Еще одно предварительное замечание. Конструктивный принцип может быть связан прочными ассоциациями с типической системой его применения. Между тем понятие конструктивного принципа не совпадает с понятием систем, в которых он применен. Перед нами бесконечное разнообразие литературных явлений, множественность систем взаимодействия факторов. Но в этих системах есть генерализирующие линии, есть разделы, обнимающие громадное количество явлений.
Тот фактор, то условие, которое соблюдается в самых крайних явлениях одного ряда и без которого явление переходит в другой ряд, есть условие необходимое и достаточное для конструктивного принципа данного ряда.
И если не считаться с этими крайними, на границе ряда, явлениями, мы легко сможем отождествить конструктивный принцип с системой его применения.
Между тем в этой системе не все в равной мере необходимо и не все в равной мере достаточно для того, чтобы то или иное явление было отнесено к тому или иному ряду конструкции.
Конструктивный принцип познается не в максимуме условий, дающих его, а в минимуме [Тыняновская трактовка максимума и минимума условий художественности — наглядный пример того, что собственно научная мысль не должна идти на поводу у обыденных представлений, у житейского здравого смысла. Ненаучное, профаническое мышление предпочитает обычно “максимум”, верит только осязаемым количественным данным: редко встречается — значит, нехарактерно. Такой же бытовой подход, к сожалению, лежит и в основе некоторых математизированно-статистических исследований по поэтике и стиховедению, авторы которых избегают эстетической рефлексии с целью достигнуть большей “объективности”. Однако повышенная значимость “крайних”, пограничных явлений — это также объективная данность, с которой нельзя не считаться. - Прим. В.Л.Новикова], ибо, очевидно, эти минимальные условия наиболее связаны с данной конструкцией, — и, стало быть, в них мы должны искать ответа относительно специфического характера конструкции.

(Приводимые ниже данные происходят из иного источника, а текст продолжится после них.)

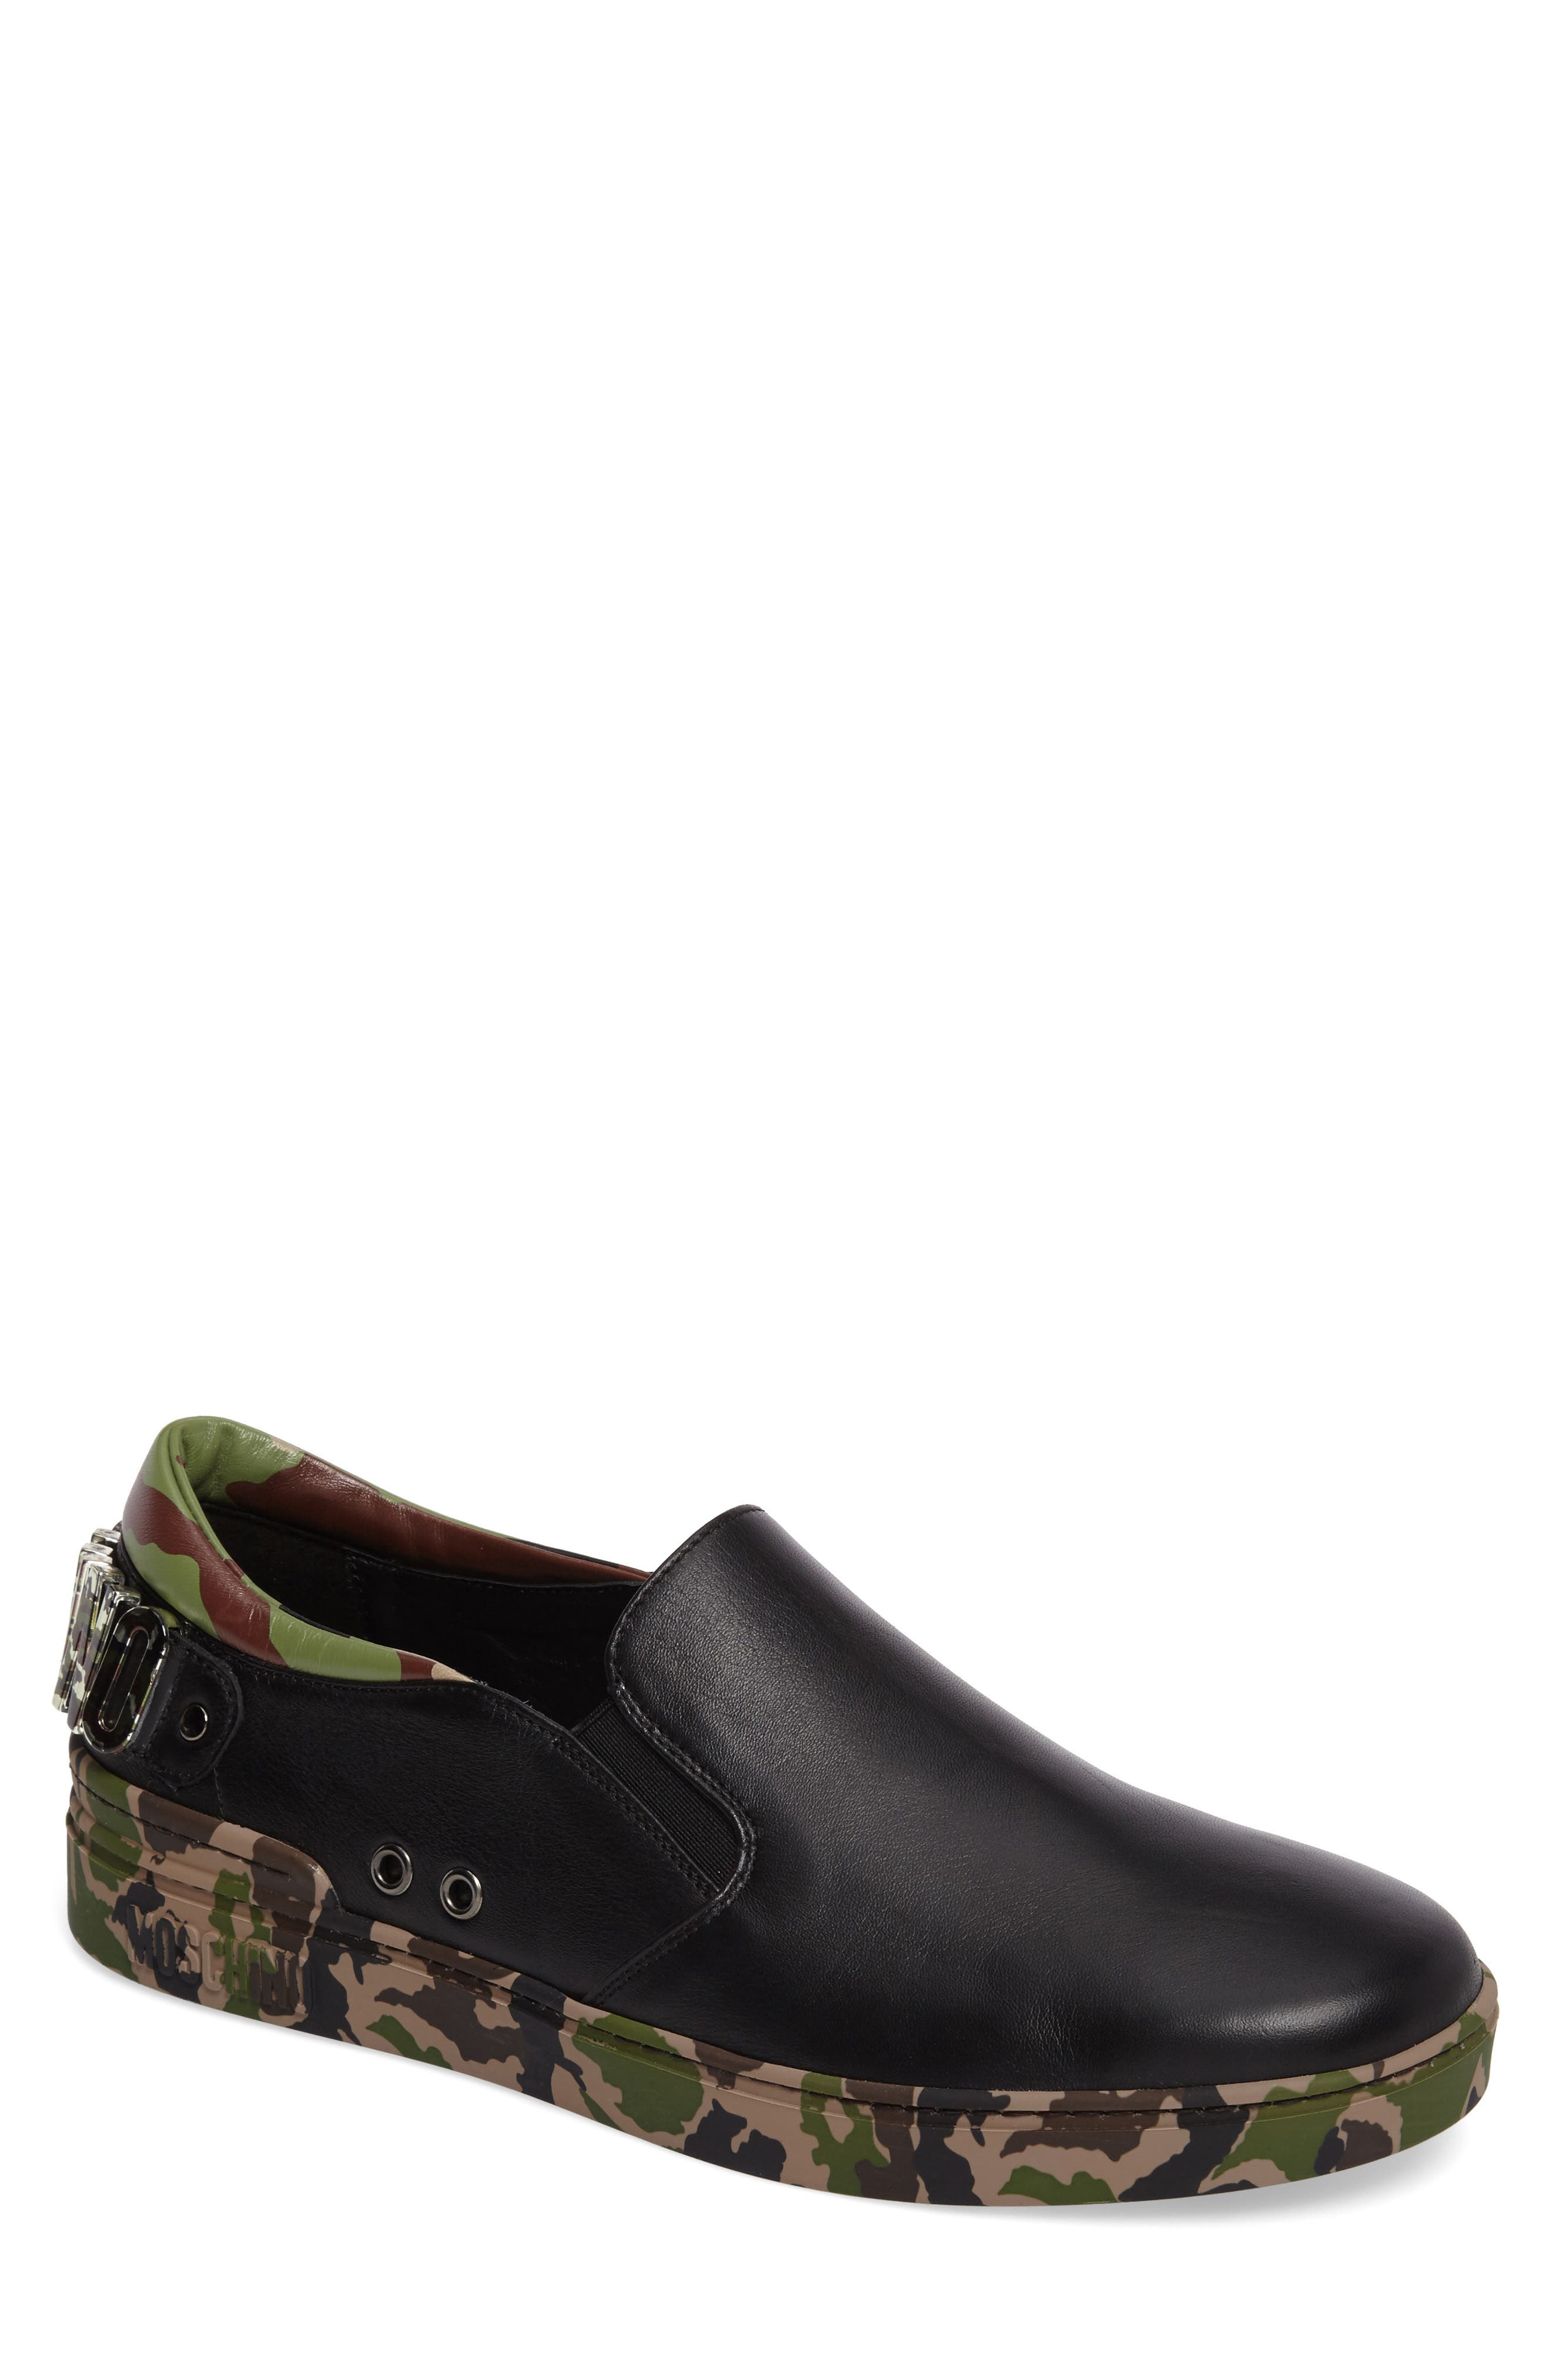 Moschino Camo Slip-On Sneaker (Men)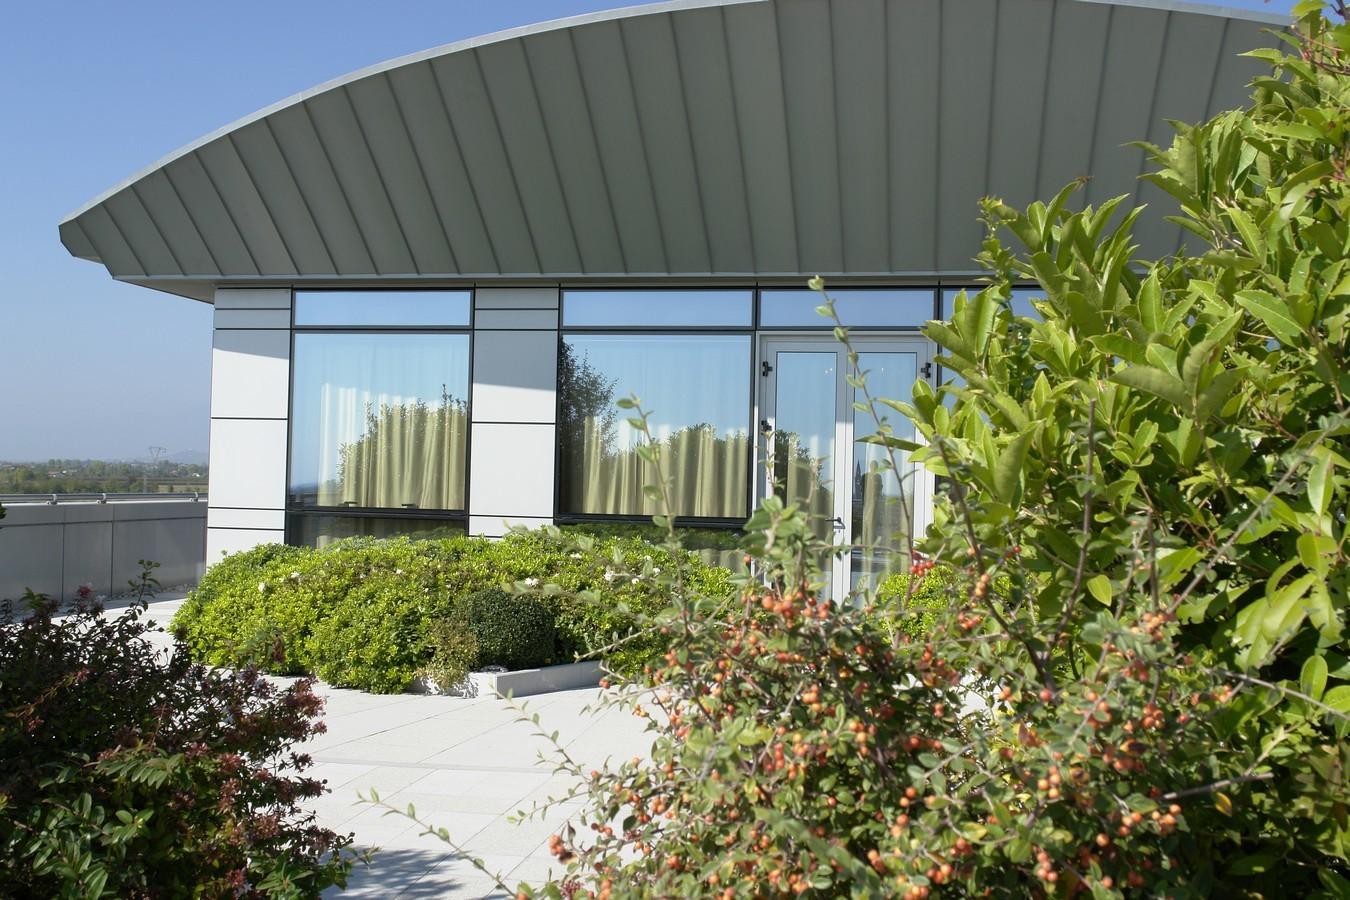 Veneto Banca - دفترمرکزی

Насколько нам важен конструктивный момент и насколько понятие его не совпадает с понятием системы, в которой он применен, явствует из того факта, что эта система может быть чрезмерной. Простейший пример — случайная рифма.
Жуковский, отправляясь от законного в XVIII веке приема, рифмует в своих ранних стихах: небес — сердец, погибнет — возникнет, горит — чтить (“Добродетель”, 1798), сыны — львы, великосердый — превознесенный (“Мир”, 1800), неправосудной — неприступной, вознесть — персть, мечом — сонм (“Человек”, 1801), — и эти рифмы полноправны, хотя и “неточны” (в данном случае полноправны и акустически). А между тем мы отказываемся считать рифмами: составляет — освещает (“Благоденствие России”, 1797), сооружены — обложены (“Добродетель”, 1798), рек — брег (“Могущество, слава и благоденствие России”, 1799), — ибо эти безукоризненные рифмы встречаются в белых стихах. Как внеконструктивный факт — это рифма; как факт ритма, то есть конструкции, такая “случайная рифма” есть явление sui generis, необычайно далекое по конструктивным заданиям и следствиям от обычной рифмы.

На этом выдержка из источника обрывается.